For years, the widescreen look has held a certain allure. Most widescreen imagery originated as film that was reframed for television, implying “classy”, “expensive” and “not of video.” Now, with the arrival of high-definition television, widescreen also means “cutting edge” and “the future”, and more clients want that look. The question is, how can you achieve it without hi-def sources? As strongly as our hi-def future beckons, the reality is that many productions for some time will need to be created or repurposed to standard definition.

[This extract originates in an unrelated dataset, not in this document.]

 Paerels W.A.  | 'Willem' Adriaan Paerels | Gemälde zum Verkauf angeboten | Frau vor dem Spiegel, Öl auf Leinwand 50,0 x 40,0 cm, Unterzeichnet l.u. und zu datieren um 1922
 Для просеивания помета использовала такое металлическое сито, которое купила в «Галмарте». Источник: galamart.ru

When a client says they want to “do a project in widescreen”, they could mean one of several different things:
- true high-definition video
- playback of “anamorphic” standard-definition video on a widescreen monitor
- squeezing widescreen content into a “letterbox” for display on a normal 4:3 video screen
- merely adding black bars to the bottom and top of normal 4:3 video to fake the widescreen/letterbox look
- a design that implies widescreen, even if the playback will be on a normal 4:3 screen
It’s your job to resolve the difference between what the client says they want and what they really need. The true high-definition case is fairly straightforward: The footage originates widescreen, and will be played back widescreen. It’s the standard definition cases that are trickier, and that’s what we’re going to focus on here. We’ll start by going over the technical issues, and then on the last two pages give a couple of case studies on alluding to a widescreen look inside a 4:3 frame.
Stretch to Fit
Let’s start with the anamorphic option. Normal video has a 4:3 image aspect ratio: in other words, the final image is supposed to be 4 units wide to 3 units high. Widescreen video has an image aspect ratio of 16:9, meaning 16 units wide to 9 high. Compare this to the 4:3 image, which can be thought of as 12:9 (just multiple by 3).
A normal 4:3 frame (left) by definition does not contain as much image area in the width as a 16:9 widescreen image framed to have the same height (right). So how do you fit one into the other?

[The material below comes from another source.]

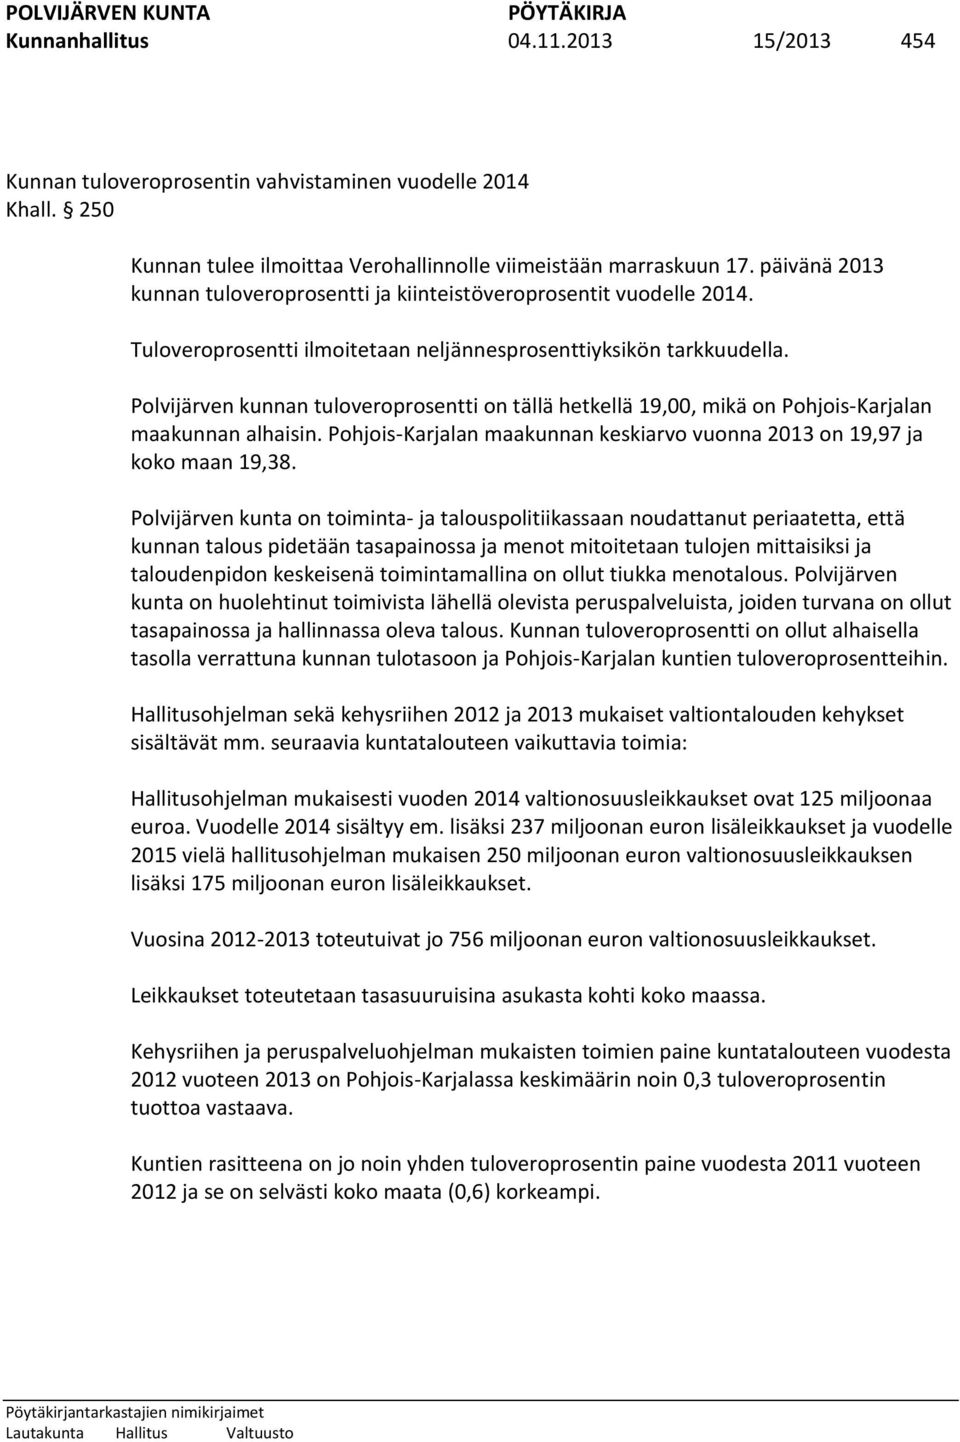 Polvijärven kunnan tuloveroprosentti on tällä hetkellä 19,00, mikä on Pohjois-Karjalan maakunnan alhaisin. Pohjois-Karjalan maakunnan keskiarvo vuonna 2013 on 19,97 ja koko maan 19,38.

All hi-def video is widescreen. However, you can’t assume widescreen automatically means high definition – for example, standard definition DVDs can hold widescreen format movies. Video engineers devised a way to cram a 16:9 image into a standard-definition video frame intended to hold a 12:9 (4:3) image: they merely squish the image narrower when they store it on tape, and stretch it out wider again when they display it on a monitor. This technique, usually called anamorphic widescreen, means a widescreen image can be recorded onto any normal tape – including BetaSP, DigiBeta, or DV – as long as you have some extra electronics at the camera to squish the captured image down from 16 units wide to 12 units wide. What concerns us here is how to deal with this distorted image when we capture them into our computer.
It’s not immediately obvious when a footage item was recorded using anamorphic widescreen – after all, its pixel dimensions are the same as normal 4:3 captures. If the footage was not already correctly labeled or tagged, you will have to stare at the footage and figure out if things look squished horizontally (which means it was recorded anamorphic), or somewhere between normal and slightly wide (typical NTSC D1/DV pixel aspect ratio).

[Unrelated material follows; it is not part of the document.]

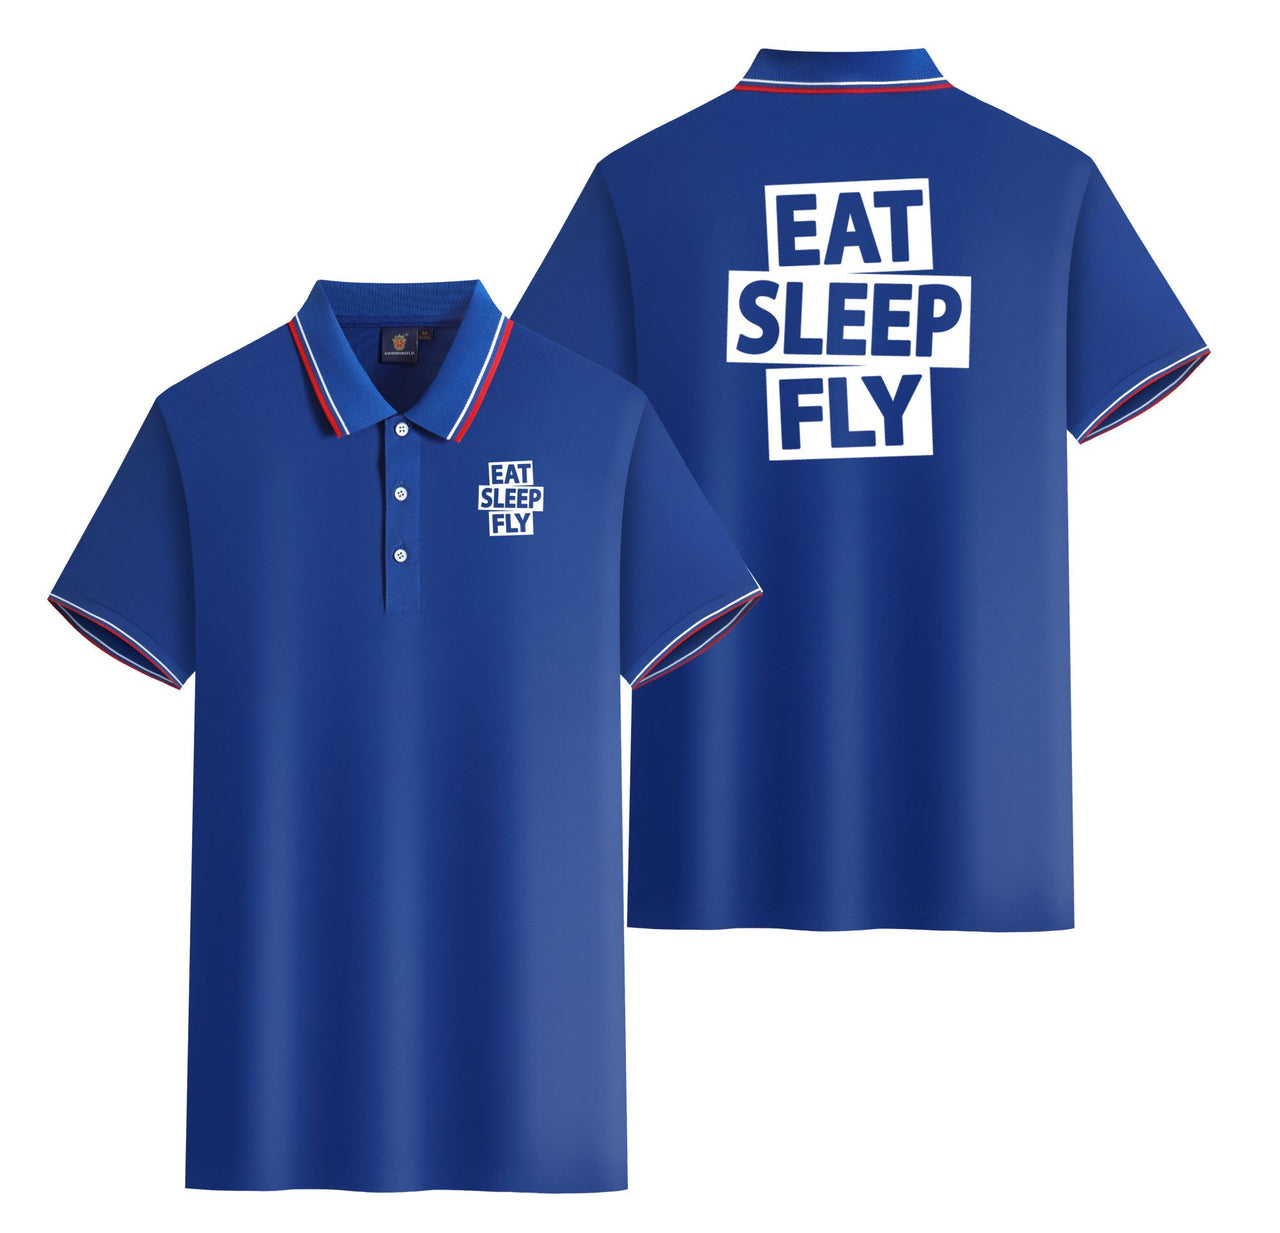 Eat Sleep Fly Designed Stylish Polo T-Shirts (Double-Side)

It is not immediately obvious when a 4:3 video frame is holding an anamorphically-squeezed 16:9 image. Stare at the people in the clip at the left: What is the true aspect ratio of this clip? The people in the water in the upper left look normal, but there’s something about the surfer in the lower right…
Below is the same image, correctly stretched out its intended widescreen size. (Footage courtesy Artbeats.)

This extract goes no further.